And so, after prayer by the Moderatour, and singing the 23 Psalme, and saying the blessing, the Assemblie depairted, joyfullie and glad for all the wonders that God had done for this Church and Land.
FINIS.
THE
GENERAL ASSEMBLY,
AT ABERDEEN, 1640.
After perusing the Reports which we have given of the proceedings in the Assemblies of 1638 and 1639, and the several relative documents therewith connected, our readers, we are convinced, will agree with us, that the mere Acts, as they are technically termed, of these and similar Assemblies, convey but a faint and feeble impression of the real character of those Conventions. They are but the dry bones, as it were, of our Ecclesiastical Constitutions. It is in the circumstances attendant on their enactment; the causes in which they originated; the muniments of the period, (sometimes public and frequently long concealed); the reasonings of the antagonist parties, and incidental outbreaks of individual feeling; and, more especially, in the dramatic movements of debate in popular assemblages—that we catch the true spirit by which the more formal enactments are re-awakened in the present age, and presented to the eye and the mind of a modern student with all the vividness and force of scenes passing daily around us.

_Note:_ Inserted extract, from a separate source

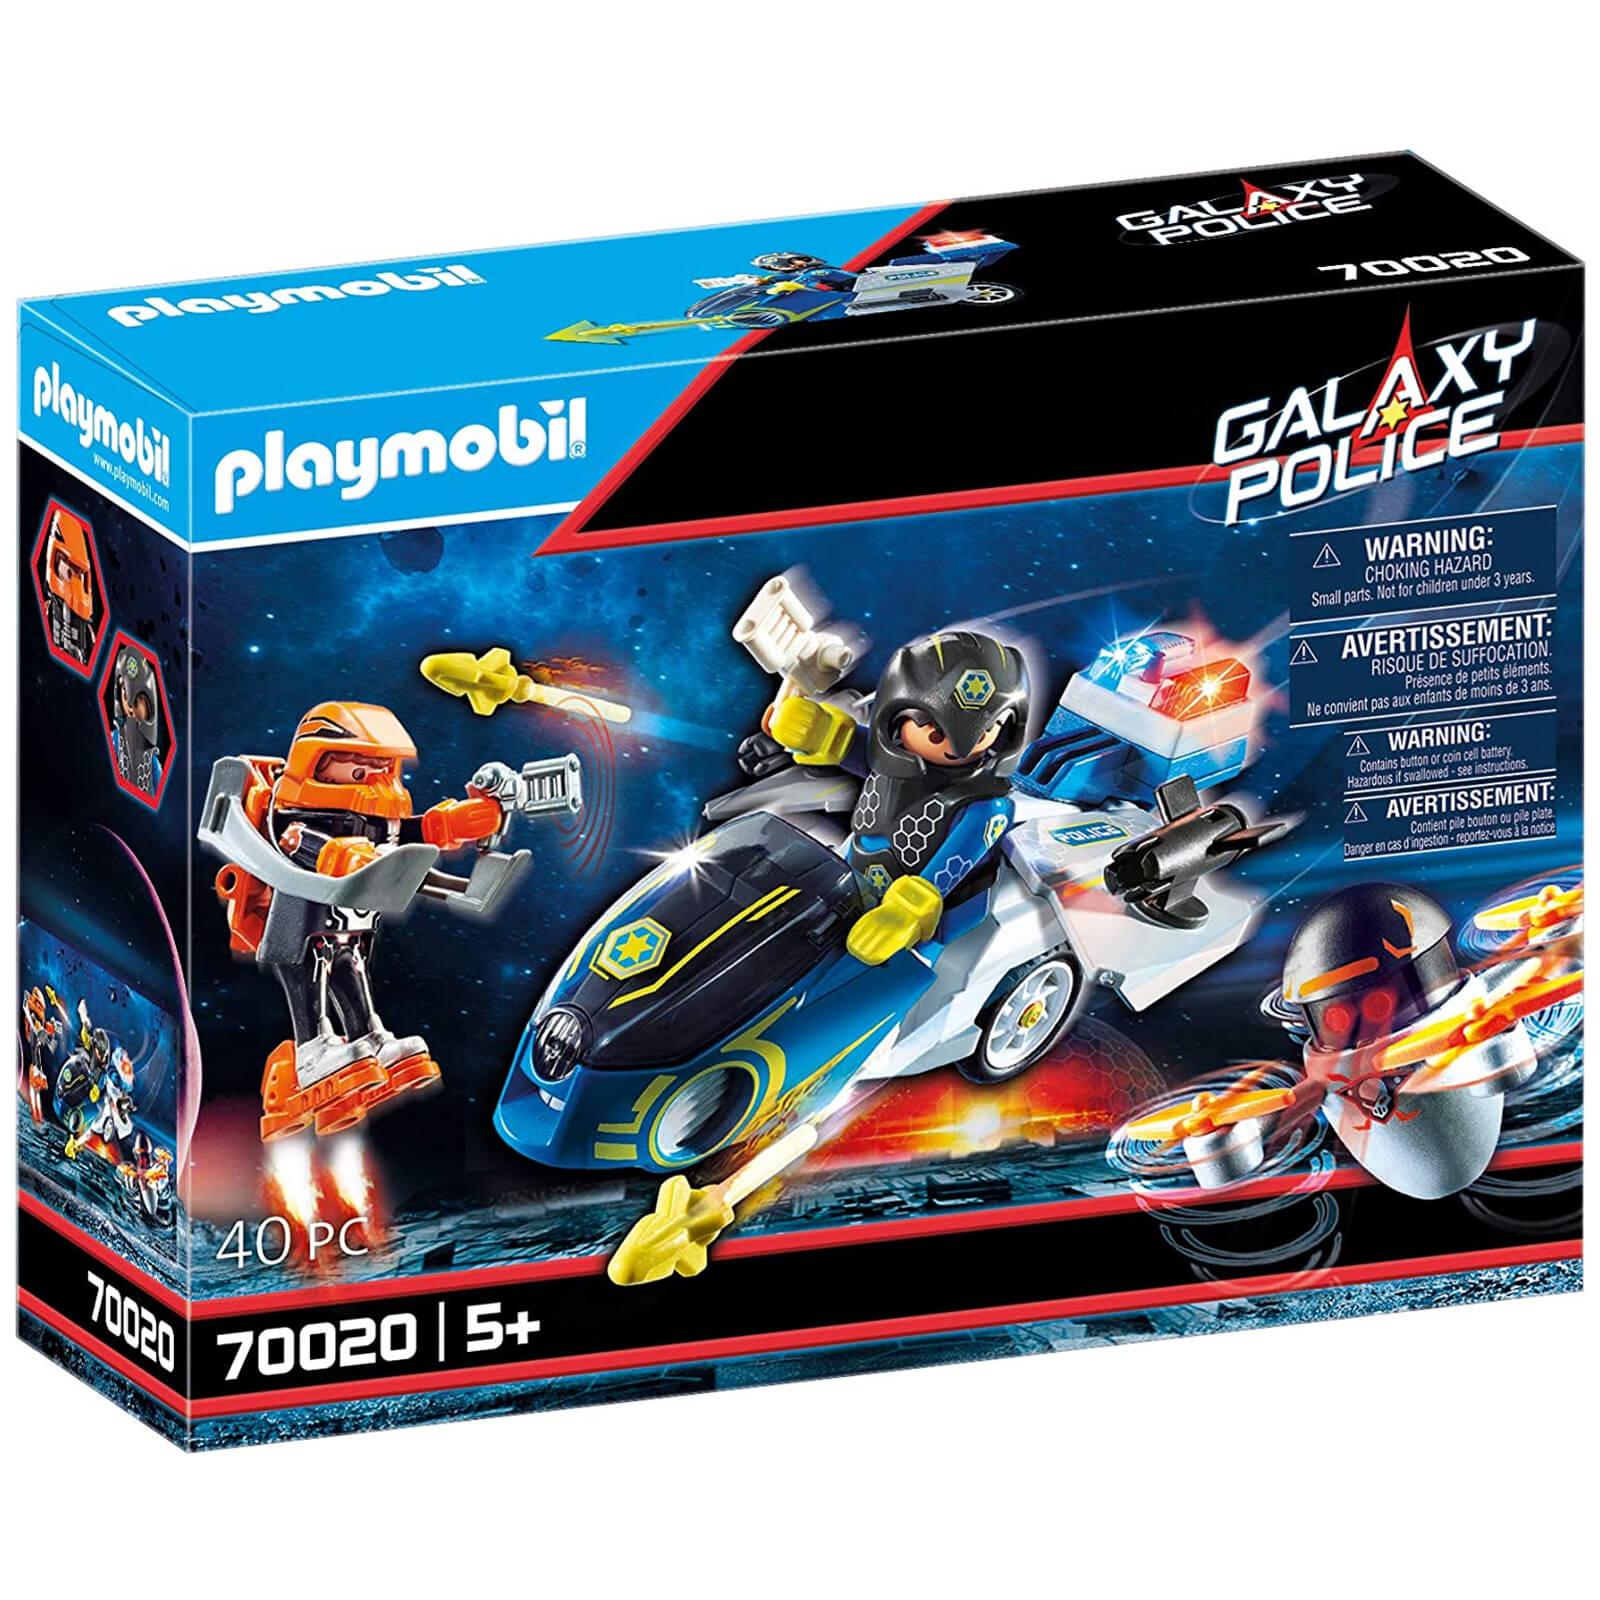 Playmobil Galaxy Police Bike (70020)

We have now reached the Acts of the Assembly 1640; but, ere we proceed to that very limited portion of our undertaking, we must be permitted to take a review of the more prominent features of the Assembly in 1639, and of the events which intervened betwixt that and the subsequent meeting in 1640.

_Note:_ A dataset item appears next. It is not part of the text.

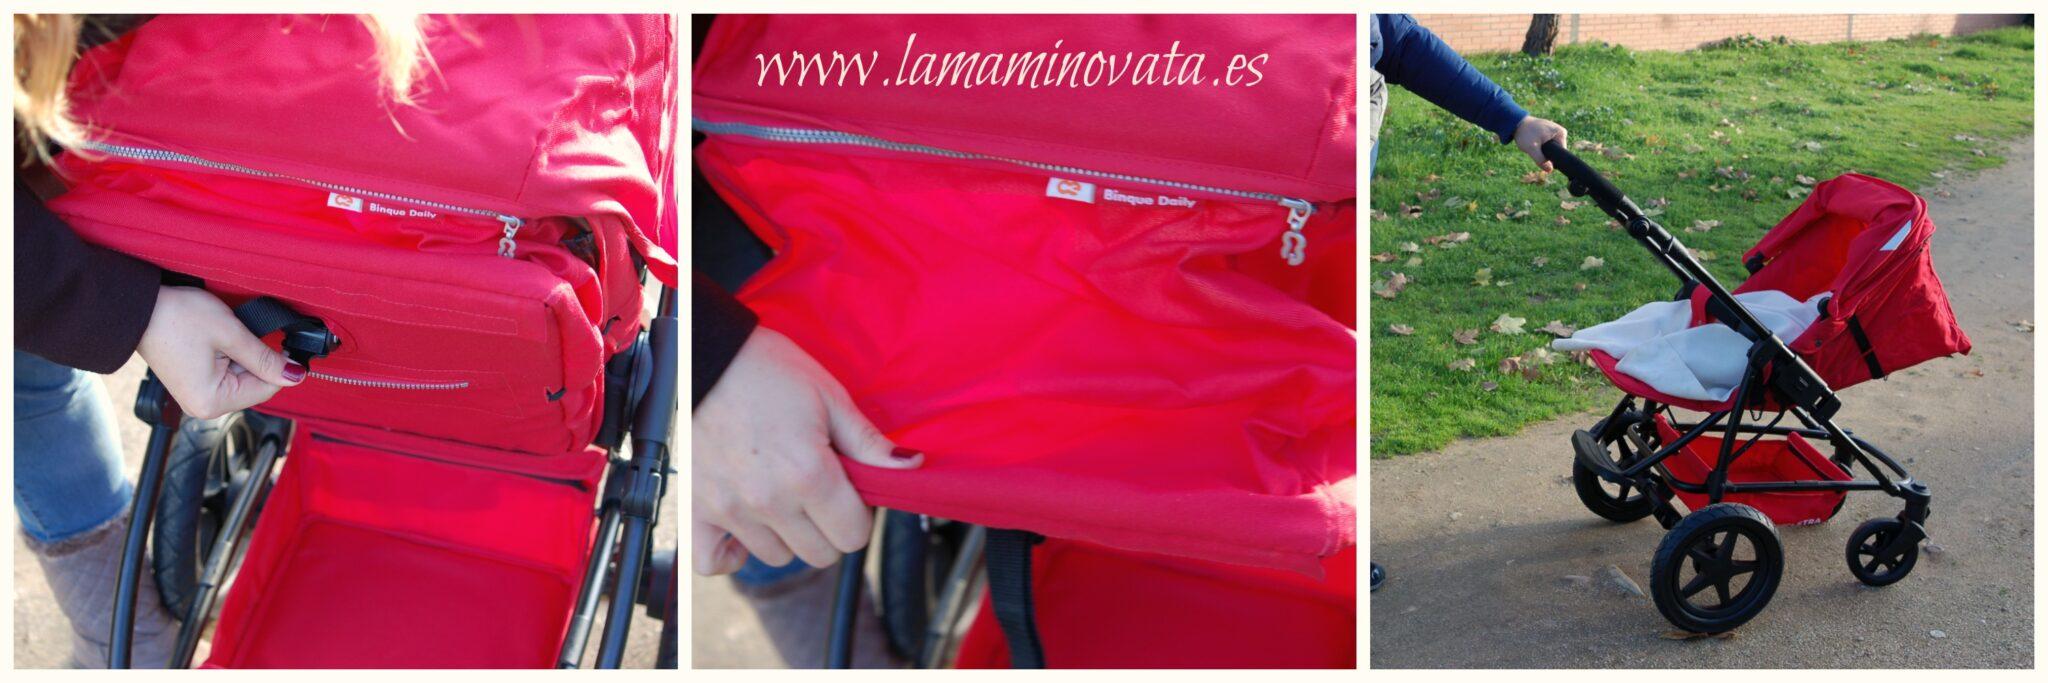 Probamos la silla de paseo Koelstra Binque Daily

It will be recollected that, by the Treaty of 18th June 1639, it was stipulated that all matters ecclesiastical were agreed to be settled in a General Assembly, and matters civil in the Parliament and inferior judicatories established by law. Unhappily for the King and the Covenanters, this vague and general basis was soon found to be too narrow to bear the superstructure which each party intended to rear on it; and ere the parties had retired to their several homes, the seeds of future collision were sown. No dear and precise line of distinction was drawn in the treaty, betwixt what was to be deemed ecclesiastical and what civil; and in his warrant for the proclamation by which the Assembly and Parliament of 1639 were indicted, the King, on the 29th of June, directed that all “Archbishops, Bishops, and Commissioners of Kirks,” among others, entitled to place and voice therein, should attend, as Members of the Assembly, on the 12th of August following.

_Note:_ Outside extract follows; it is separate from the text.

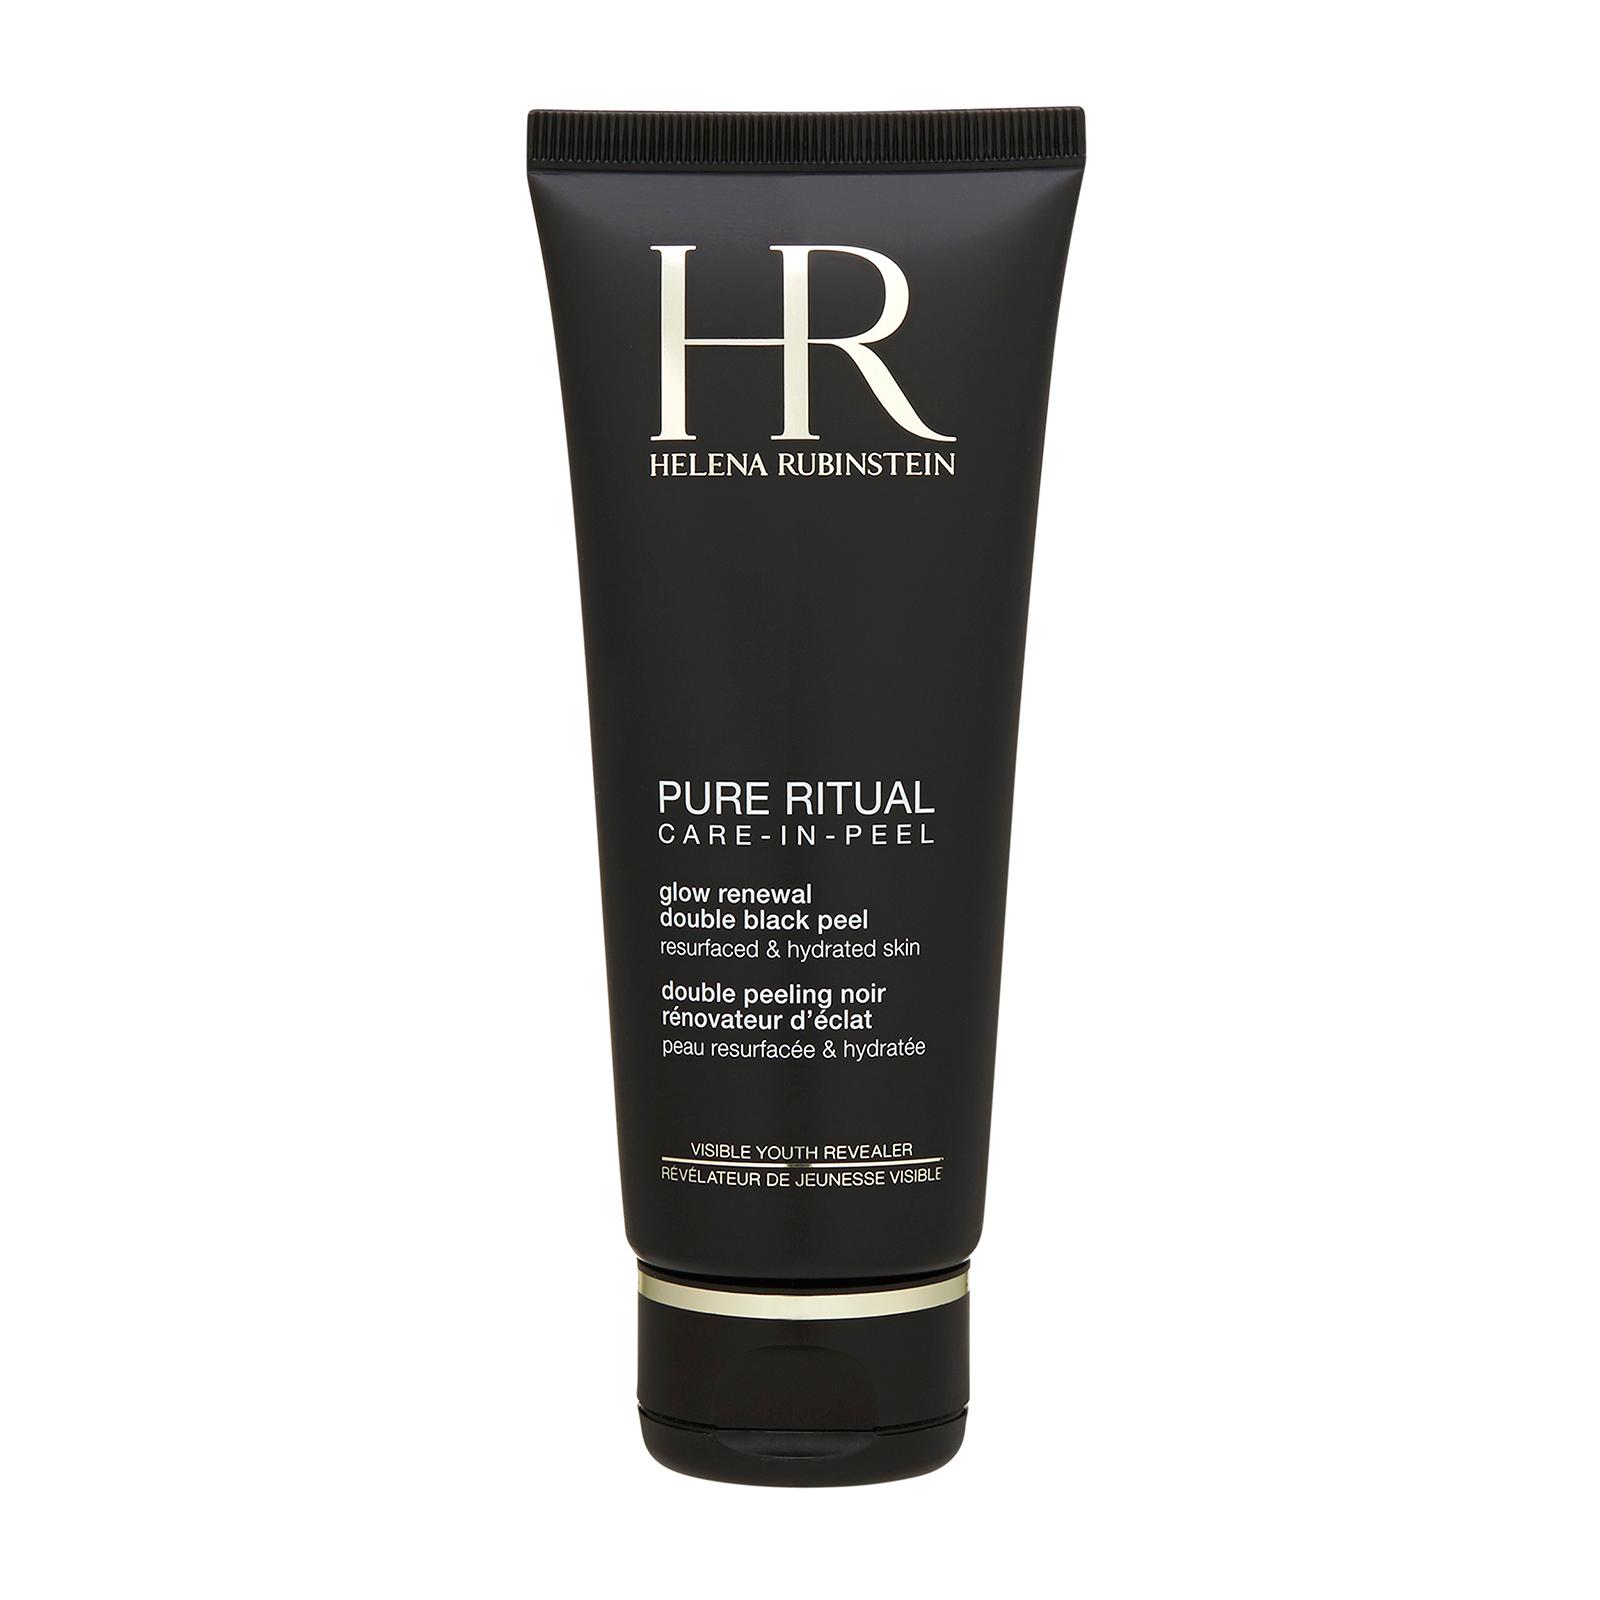 Helena Rubinstein Pure Ritual Care-In-Peel Glow Renewal Double Black Peel (For All Skin Types) 3.38oz, 100ml from Cosme-De.com

This, in the estimation of the Covenanters, was tantamount to a departure from the spirit of the treaty, in which nothing was said in plain terms as to the constituent Members of that Assembly. The Covenanters could not, as the King well knew, recognise Archbishops and Bishops as legitimate Members of a General Assembly of the Kirk of Scotland—the intrusion of them into the Church being all along stated as their chief and leading grievance, for the removal of which, and the oppressions thence resulting, they had taken up arms. Of this the King and his Counsellors were fully aware—and therefore his proclamation was truly the signal for a renewal of the agitations which had ostensibly been quelled. It was literally keeping his word of promise to the ear, but breaking it to the hopes of his Scottish subjects; and, accordingly, no sooner was the proclamation issued, than it was followed by the usual flood of protestations and manifestoes on all hands. No doubt Episcopacy was still the unrepealed law of Scotland, and the parties, by mutual consent, had agreed to wave all discussion as to the Assembly of 1638; yet, if the King honestly intended to leave Church matters proper, to the decision of a new General Assembly, to be afterwards considered and ratified in Parliament, he was bound to have informed the Covenanters explicitly, that the Assembly of 1639 was not to consist (as they necessarily understood) of Members chosen on the old Presbyterian platform, but of Prelates and Statesmen sent thither by virtue solely of the Royal prerogative, and who were not, in any intelligible sense, the representatives of the Scottish Church. In short, (as is proved by his correspondence with the fugitive Prelates, and other evidence,) his entering into the treaty of 18th June was a mere juggle, and his promise of a Free General Assembly a palpable fraud—his settled purpose being unquestionably to restore Prelacy whenever he could, and to render the deliberations of the promised Assembly altogether nugatory, with reference to the objects for which it was sought and agreed to.
Although the latent proofs of Charles’s duplicity were not known to the Covenanters, they found in the proclamation and other circumstances, sufficient reason for distrust; and their past experience, both of the King and his advisers, was sufficient to rouse their suspicions. Their vigilance and preparations continued unrelaxed; and so formidable was the tone of public feeling in Scotland, during the brief space which elapsed betwixt the date of the treaty and the meeting of the Assembly, that the King found it necessary to adopt a temporizing and most insidious policy. Traquair, a man of talent and consummate address, armed with the King’s secret instructions, came down to Scotland as Commissioner, and the Assembly met on the 12th of August.